Speaking to the police is exactly what I’d be doing and I think you’ll regret it if something happens and you have him the benefit of the doubt right now.

TellySavalashairbrush · 02/10/2019 19:20

Please do not call the police yet. I work with young offenders and carrying a weapon under the age of 18 can result in them getting a conditional caution which lasts for 100 years and can be seen on a DBS.
There are some excellent short films on you tube aimed at teachers try, ‘deep it’ produced by MYM. Or knife crime: a victim’s perspective. Our teenage clients like these as they are modern and they teach a valuable lesson in a non patronising way.

TellySavalashairbrush · 02/10/2019 19:20

Teachers= teenagers
Bloody typo !

Soola · 02/10/2019 19:46

What kind of a knife?

If he gives it up reluctantly what about a Swiss Army knife?

I have one one my key ring as well as a dog knuckle duster for protection.

Bunnybigears · 02/10/2019 19:50

A colleague of mine found her don carrying a knife she contacted a charity (I can find out the name if you want) and my colleague and her son met with a lady whose 16 hear old had been stabbed to death. The son has never carried a knife since.

Lightsabre · 02/10/2019 19:59

If he is carrying a knife for protection then you have a big problem. Not easy but can you move to an area where knife crime isn't an issue or where he'll feel safer?
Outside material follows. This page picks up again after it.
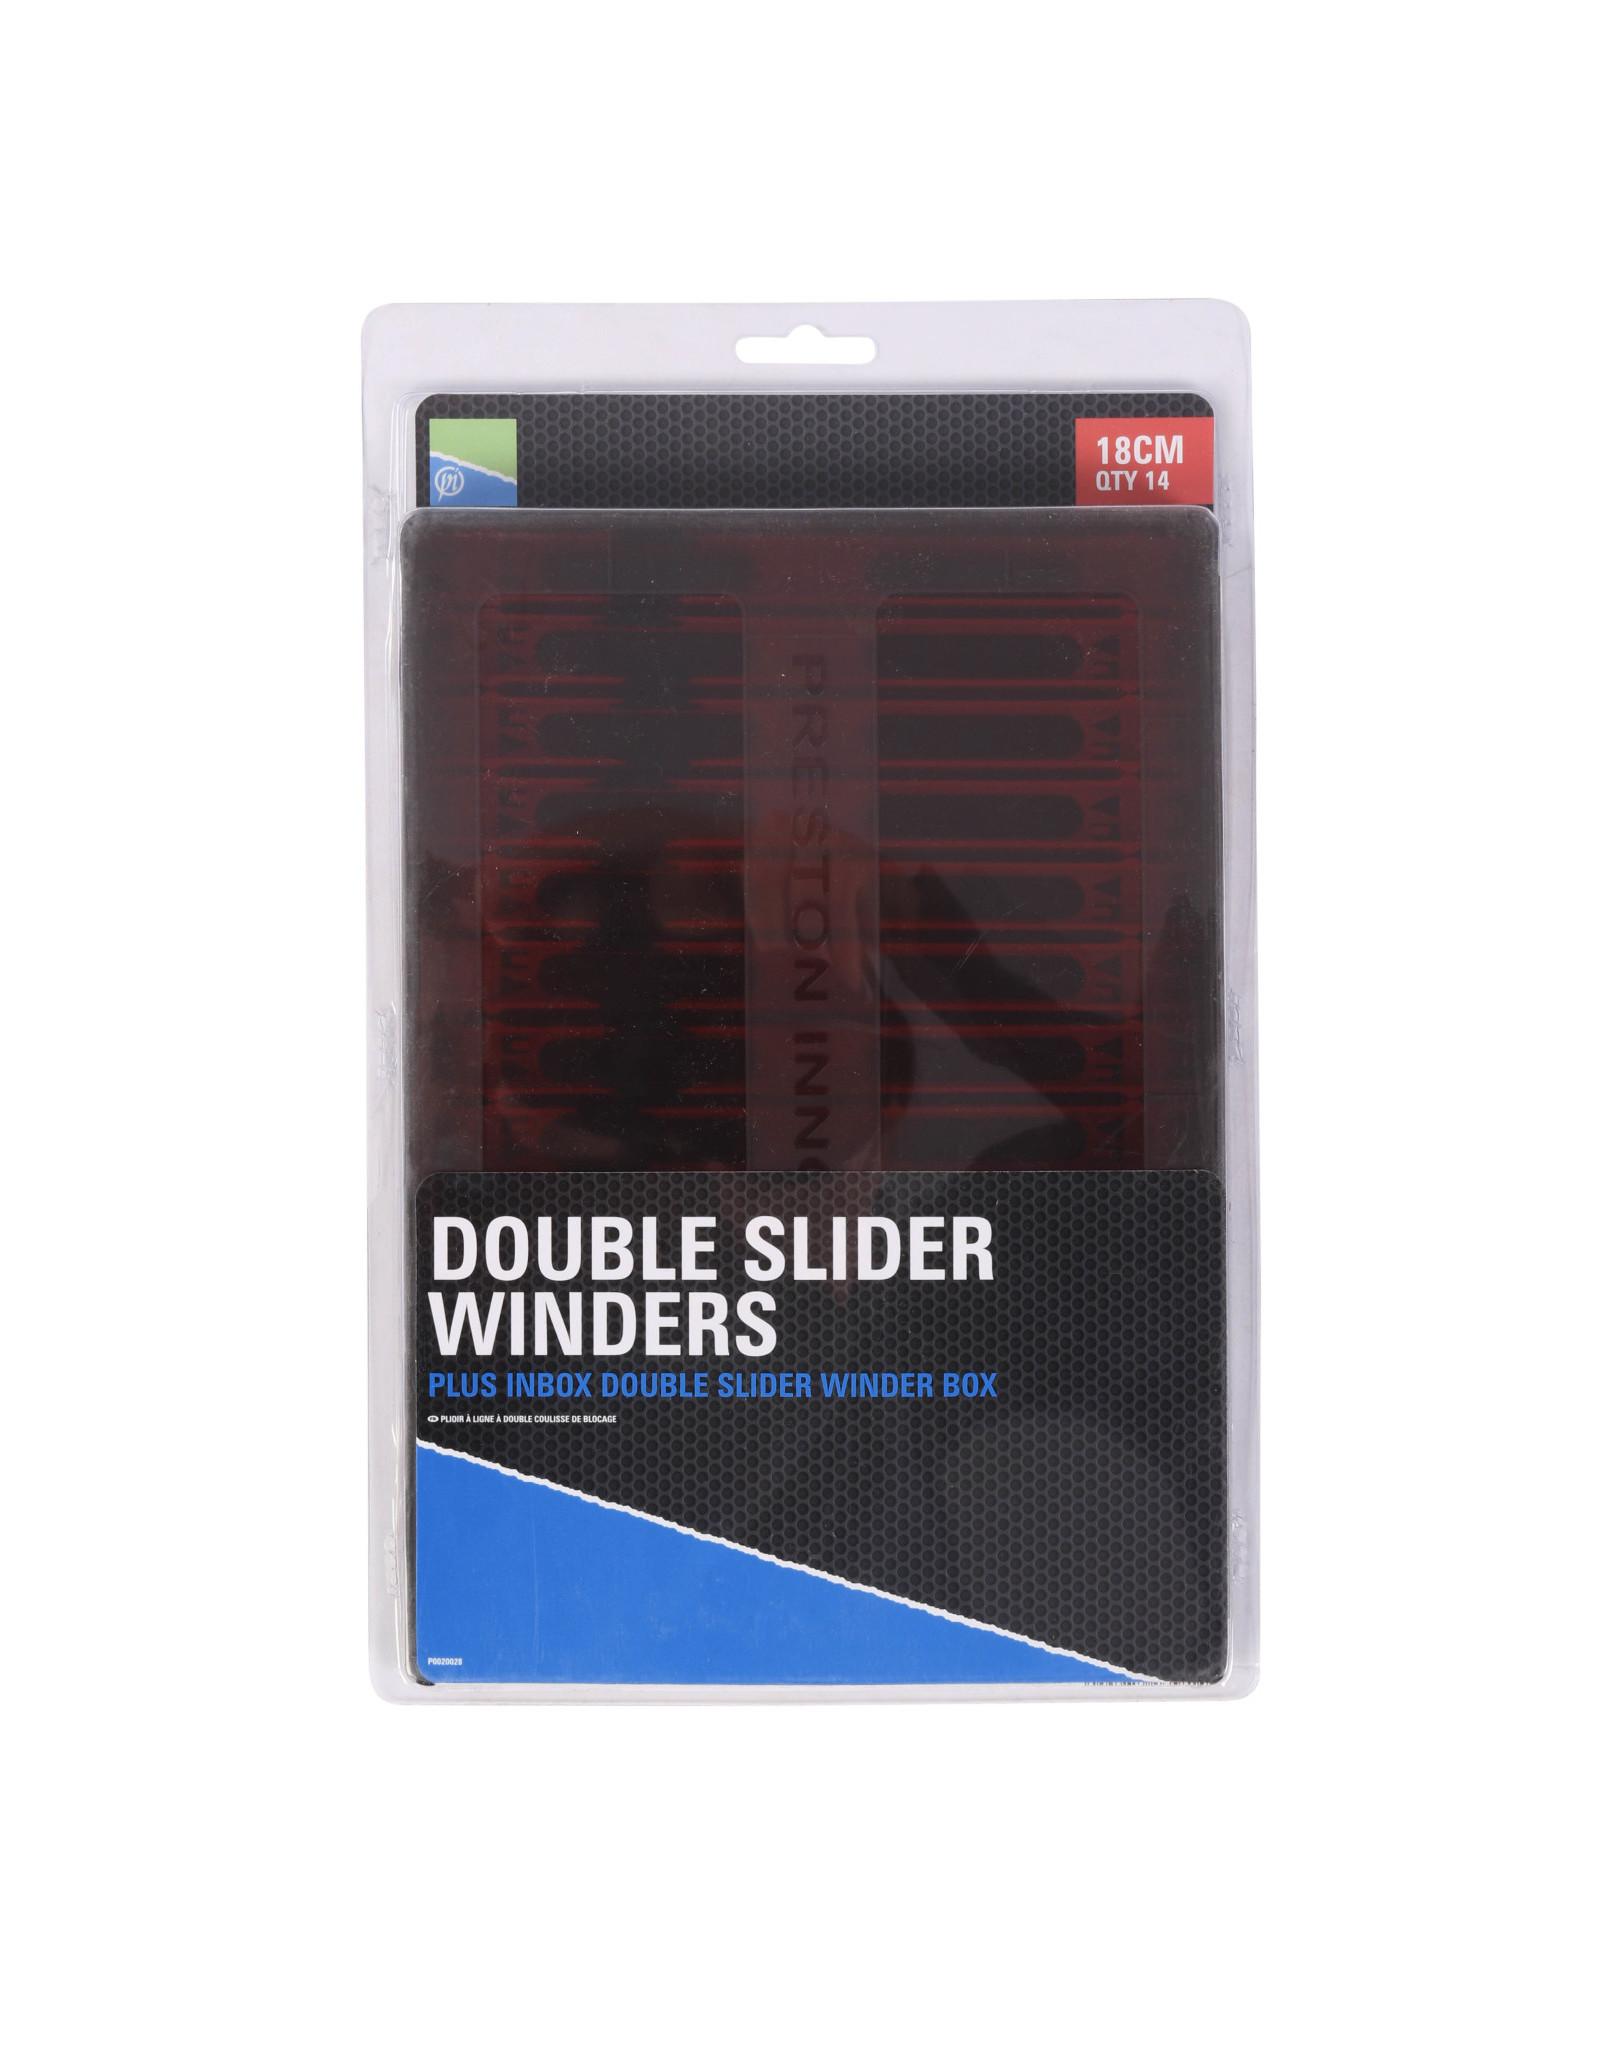 PRESTON DOUBLE SLIDER WINDERS 18cm IN A BOX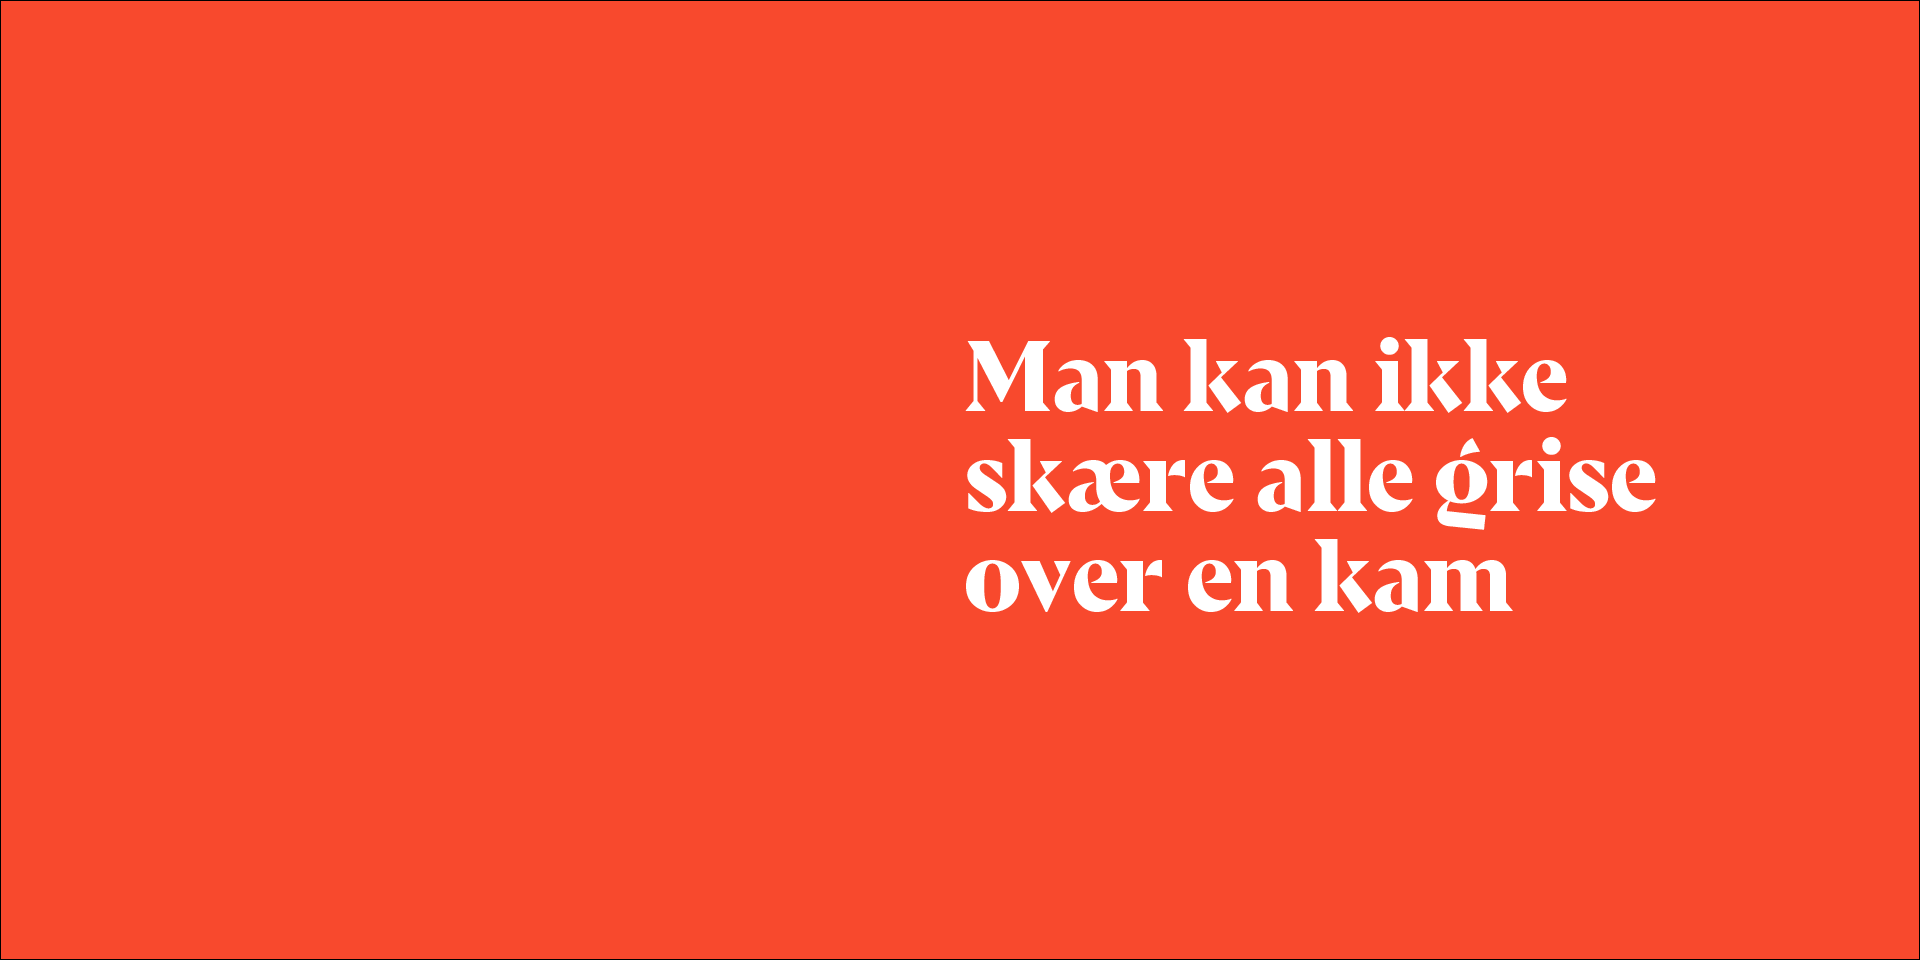 Danish Crown prøver at bilde dig ind, at danske svin er mere klimavenlige end alle andre svin

HoppingPavlova · 03/10/2019 08:07

Also I dont know why everyone is assuming this child is Black!!!

Because the OP stated in a subsequent post that he is a young, black male......

CampingItUp · 03/10/2019 08:21

OP, I would move house.

Might sound hysterical but I live in an area where teenage black males are the victims and perpetrators of knife crime, and the truth is that often they do feel they have no choice. It really is ‘if you can’t beat them join them’ on some estates.

Of course he is at added risk from the police, stop and search etc.

Has he said anything to you about what is going on?

CampingItUp · 03/10/2019 08:27

The mother of a 17 yo stabbed near us had been trying to move house for 2 years because of the environment pressures on young black boys like hers.

Gang exit often involves moving.

Lots of perfectly lovely lads get netted into a gang or knife carrying situation because they have little choice.

Evilmorty · 03/10/2019 10:04

Ok I see he is 17. I know this sounds like a lot of work but I would do my absolute best to give him lifts everywhere, and pick him and his friends up. Not go in cars with other boys you don’t know. Try to engage him in to staying home and having some close and trusted friends over to play video games instead of him going out. Talk to his friends, get to know them, suss them out, work out who are the good ones and who aren’t. Talk to him about a martial art training to focus him in a defense art that involves discipline. Is he at college or school? Talk to them about who he hangs around with.

All while looking at moving home.

JayDot500 · 03/10/2019 10:35

He's 17, soon an adult. You need to get firmer with him. OP I'm black too, raising a black son (he's only little though). If you/his dad/someone cannot stop him from carrying the knife, there's a good chance he will be stopped for Stop and Search and then that's the beginning of his criminal record. Or, worst case, he stabs someone and you live with the guilt. Now that you know, you must try to understand why he's carrying it and intervene in the most appropriate way. He can turn things around, no harm done this far.

I nearly lost my brother when he was stabbed. I would say that the police were amazing. They believed my brother was innocent (helped by the fact he wasn't carrying anything and tbh has never had issues with the police as he's a good guy) and found the boy thanks to CCTV. On the day of the trial, they called us to say it collapsed due to lack of evidence. They had found knives under his bed, but the boys mum had stuck up for him and told the police they were hers. The boy ended up with probation but went on to stab someone else, only then did they successfully prosecute him and he went to prison for that stabbing. Don't be that mum.